-- Collected material --
· · · · ·

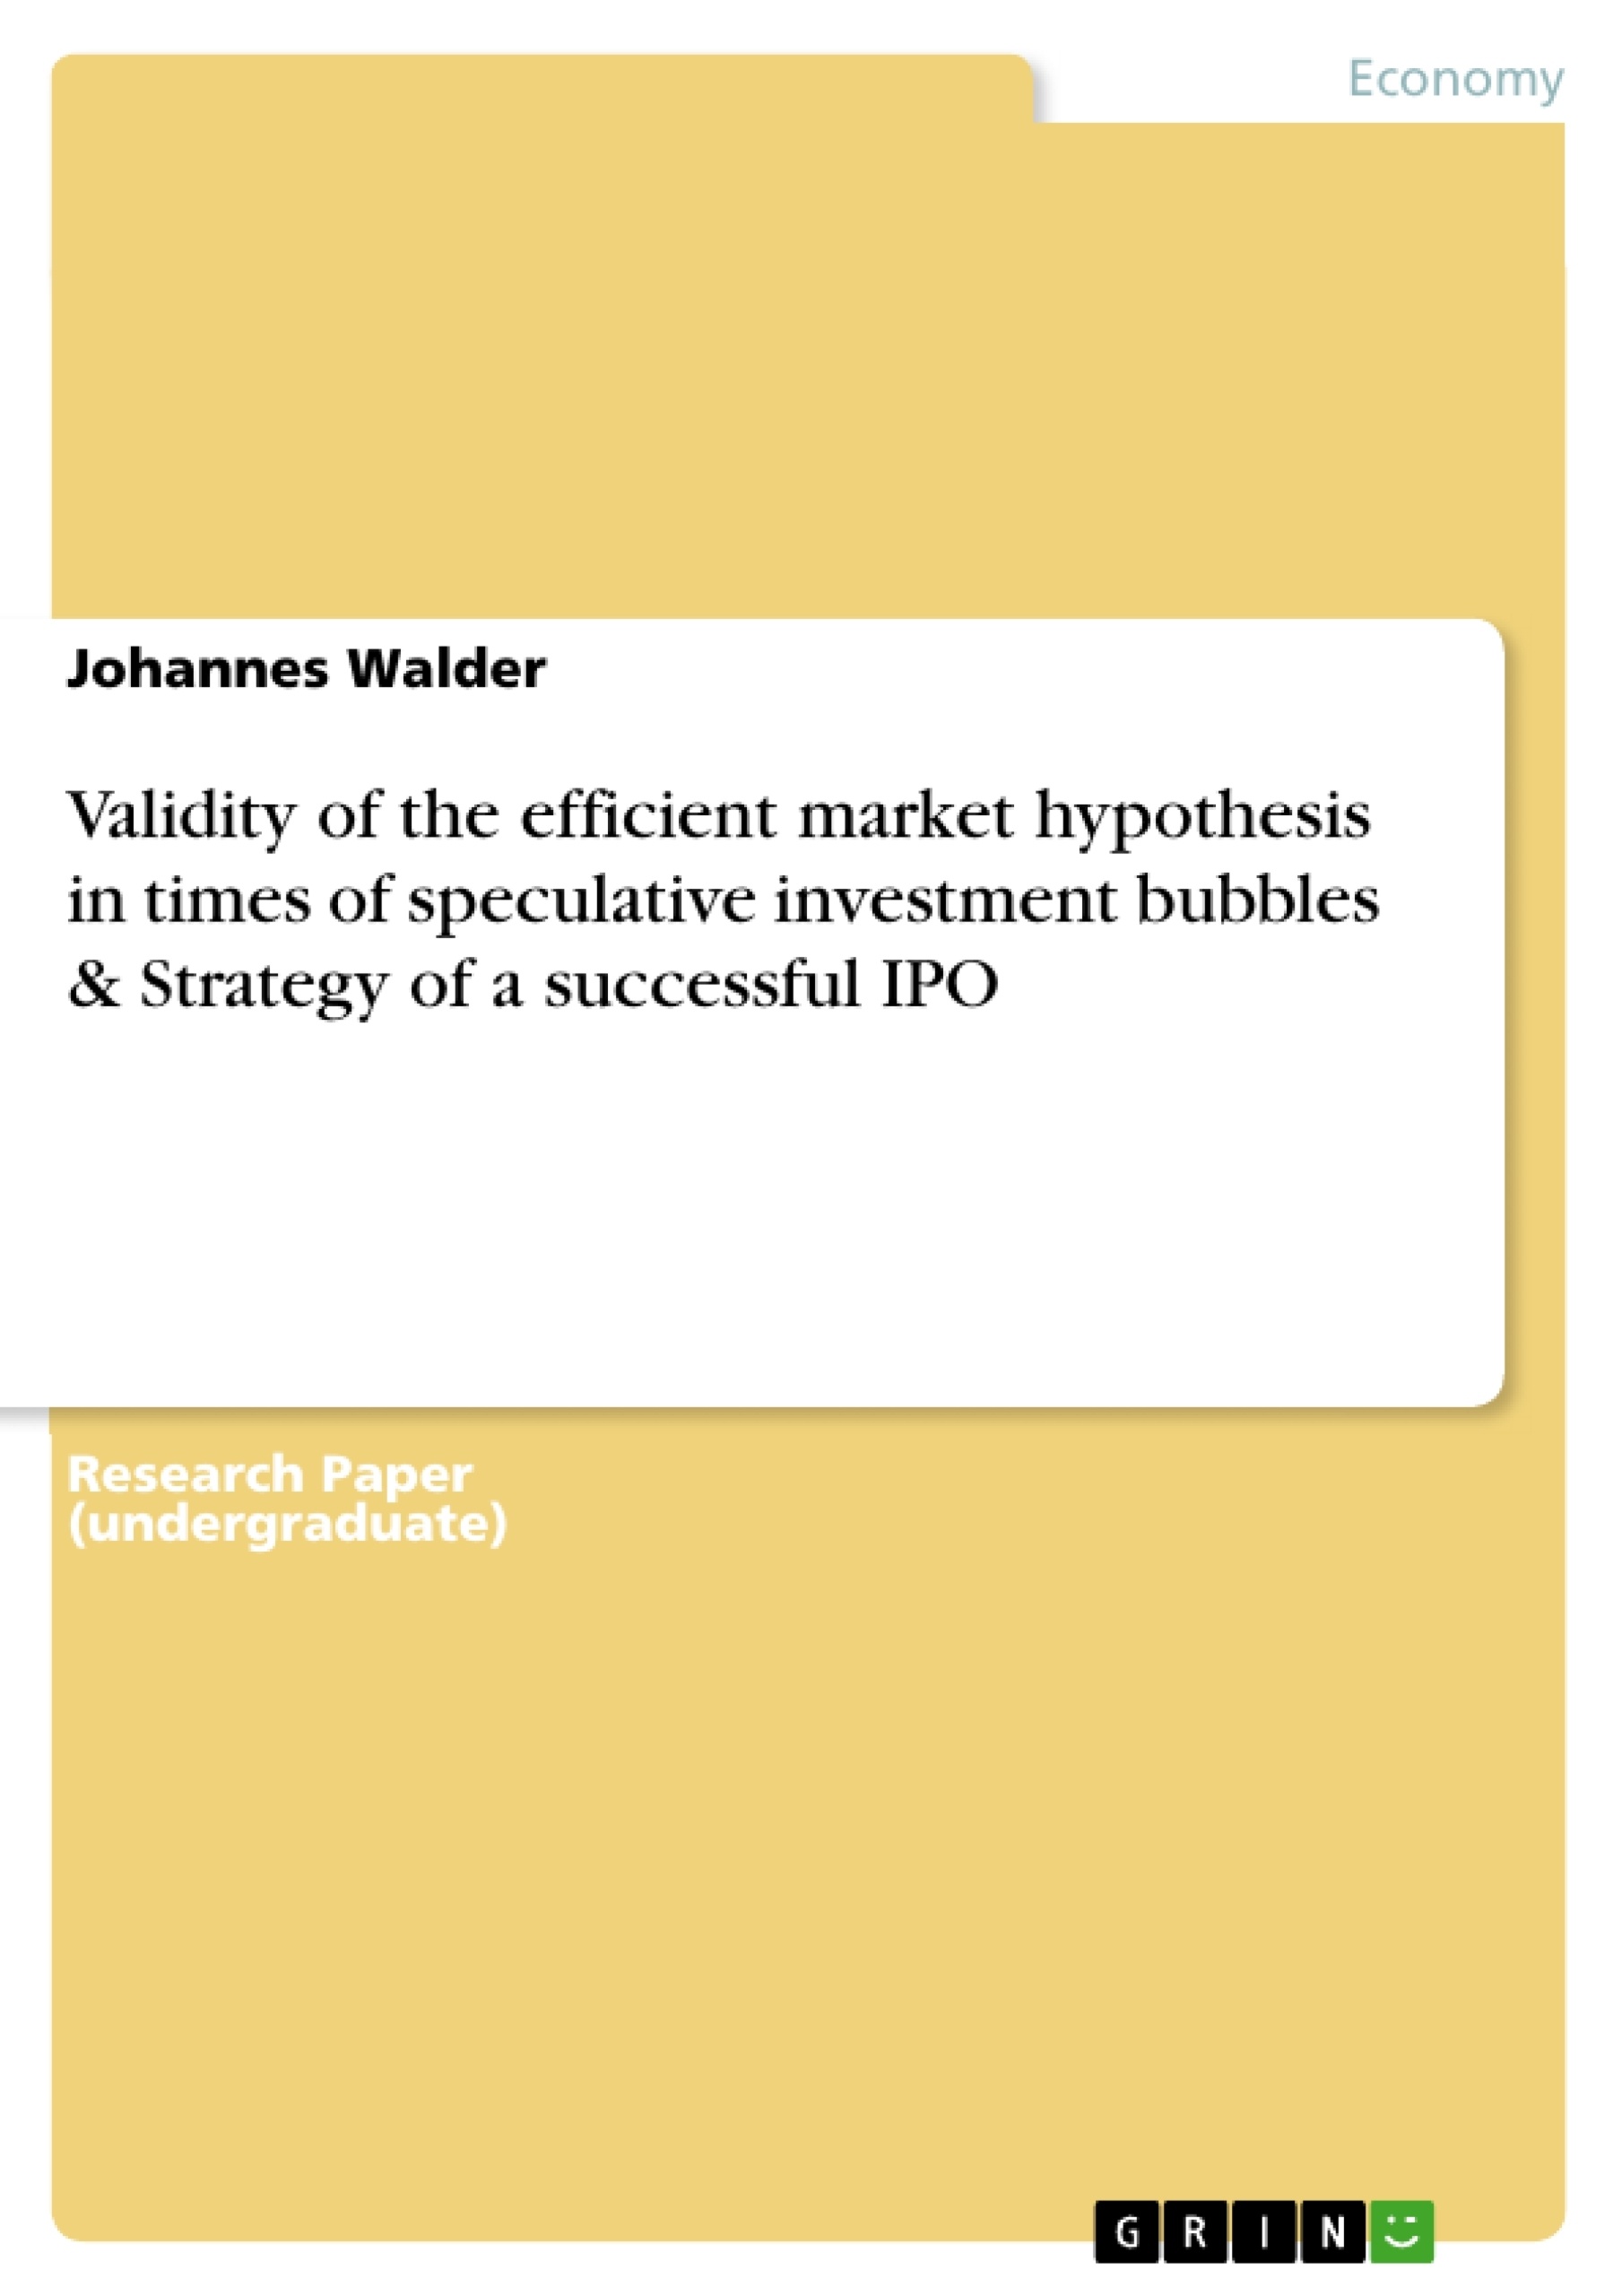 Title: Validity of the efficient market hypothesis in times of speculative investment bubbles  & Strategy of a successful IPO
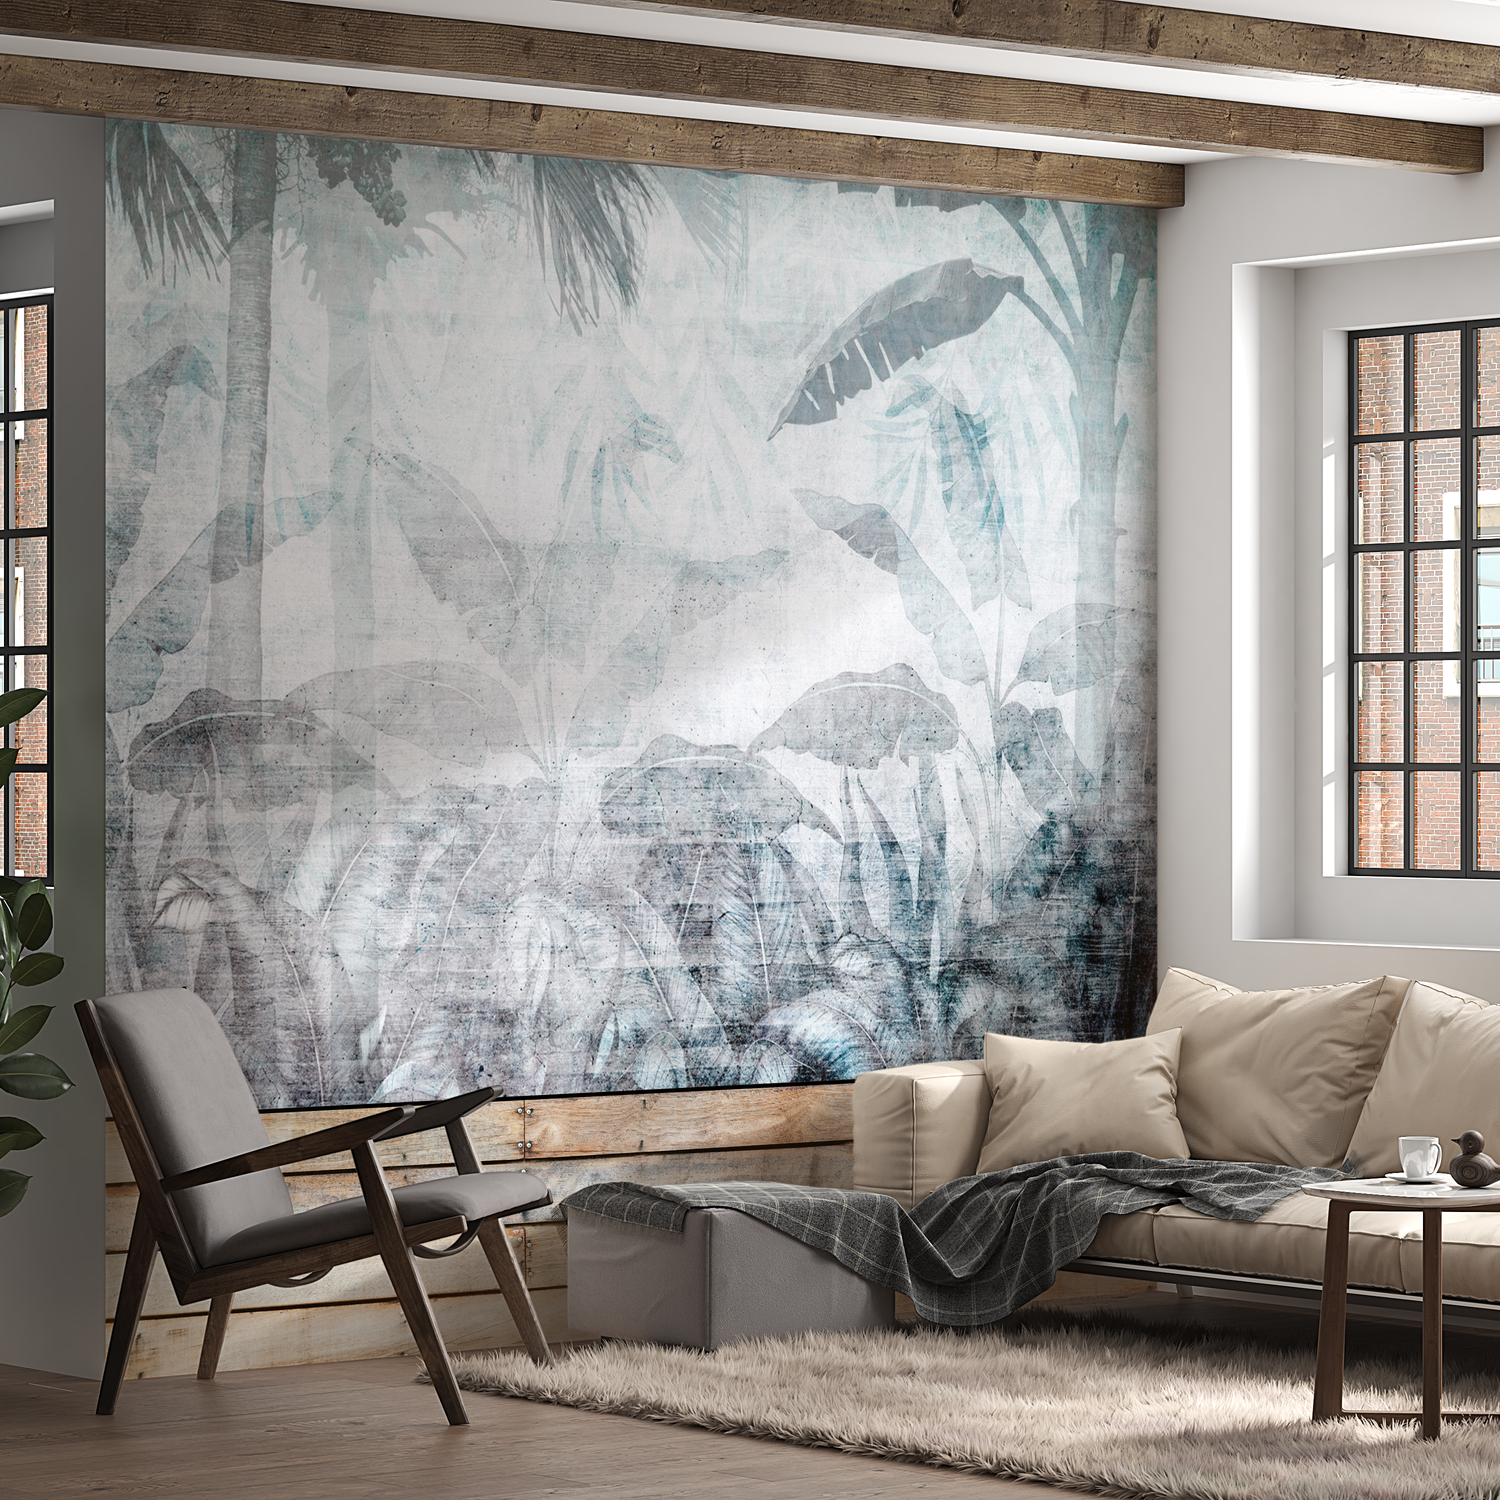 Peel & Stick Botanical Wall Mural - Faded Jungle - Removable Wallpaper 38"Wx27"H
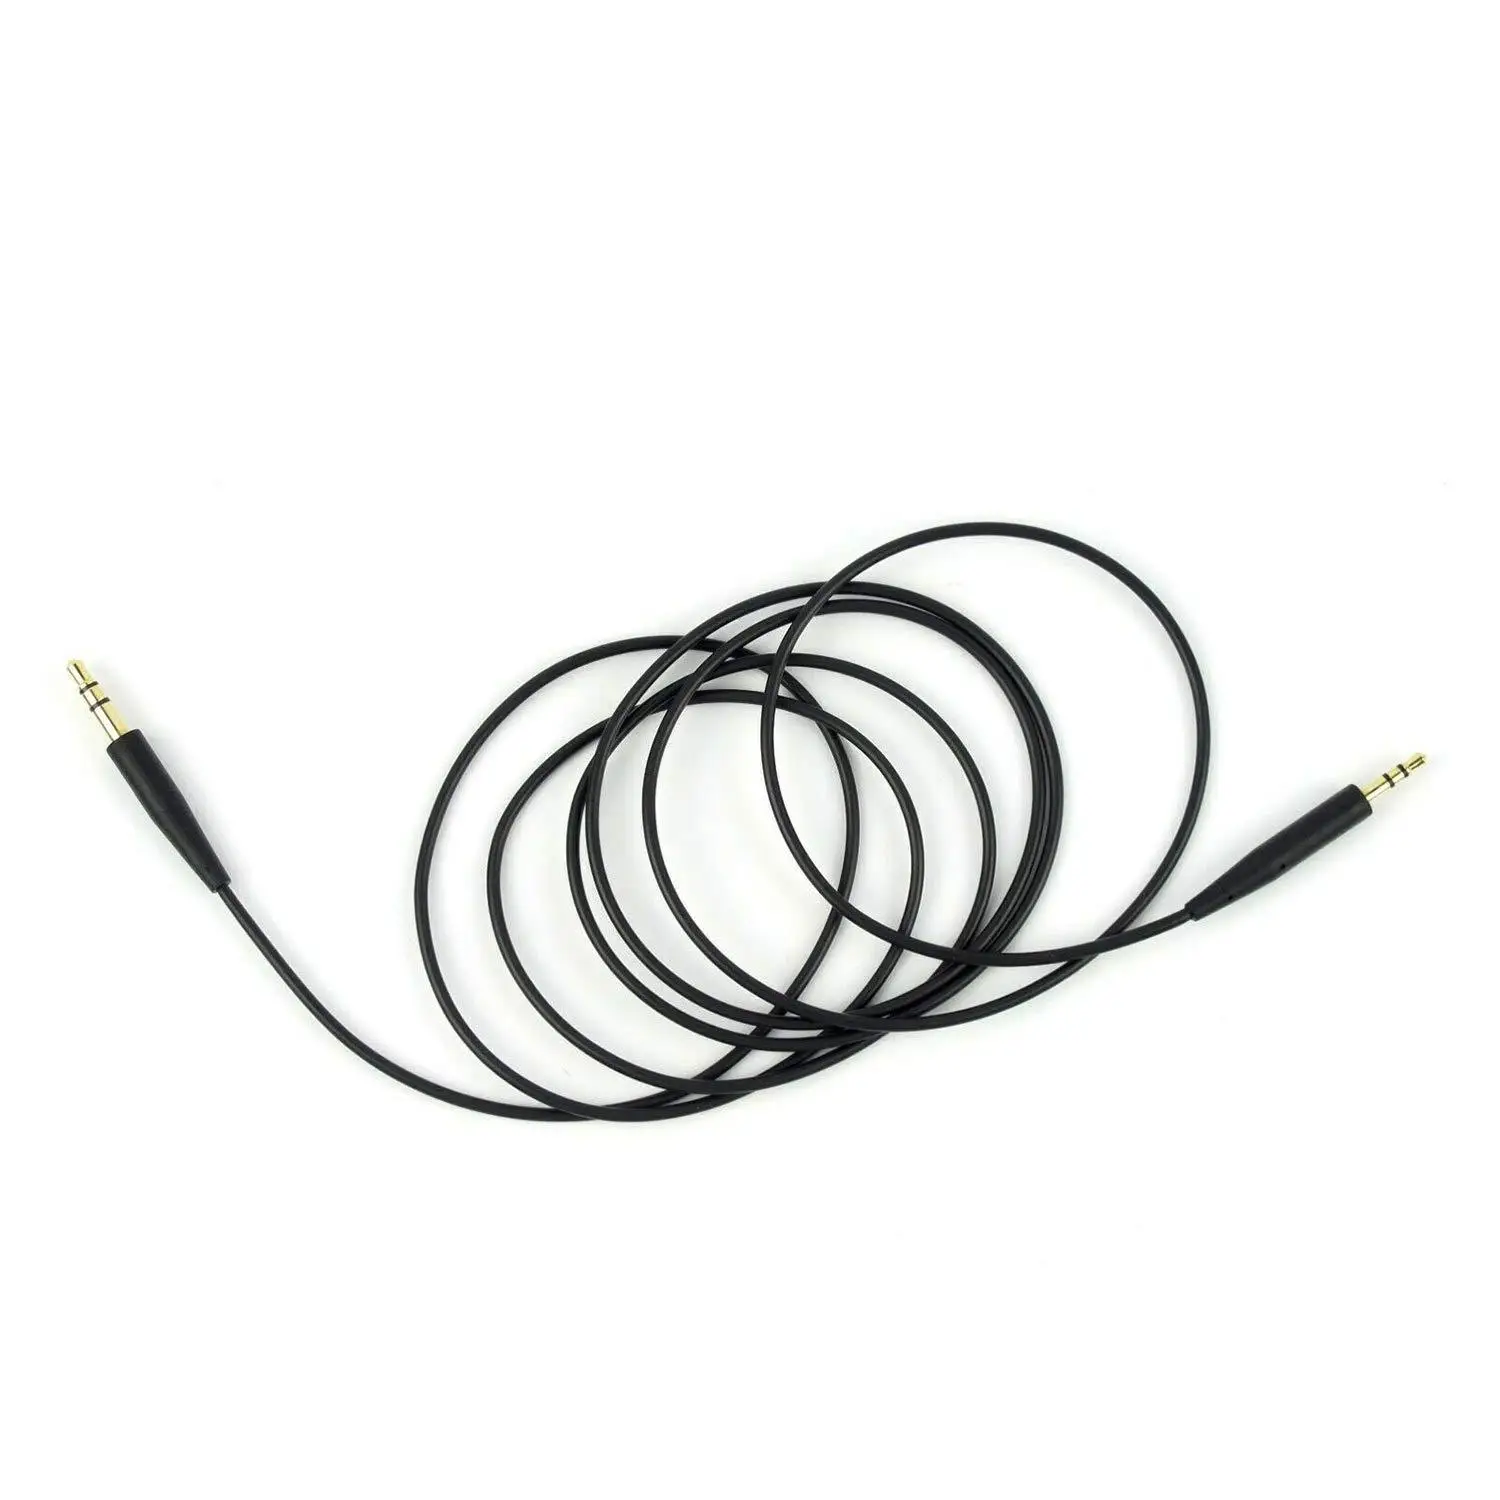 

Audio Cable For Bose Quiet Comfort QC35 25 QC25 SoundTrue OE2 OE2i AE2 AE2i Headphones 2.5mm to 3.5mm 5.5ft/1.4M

· · · · ·

Print every line above once more, exactly. Omit the pictures.

 Title: Validity of the efficient market hypothesis in times of speculative investment bubbles  & Strategy of a successful IPO
 Peel & Stick Botanical Wall Mural - Faded Jungle - Removable Wallpaper 38"Wx27"H

Audio Cable For Bose Quiet Comfort QC35 25 QC25 SoundTrue OE2 OE2i AE2 AE2i Headphones 2.5mm to 3.5mm 5.5ft/1.4M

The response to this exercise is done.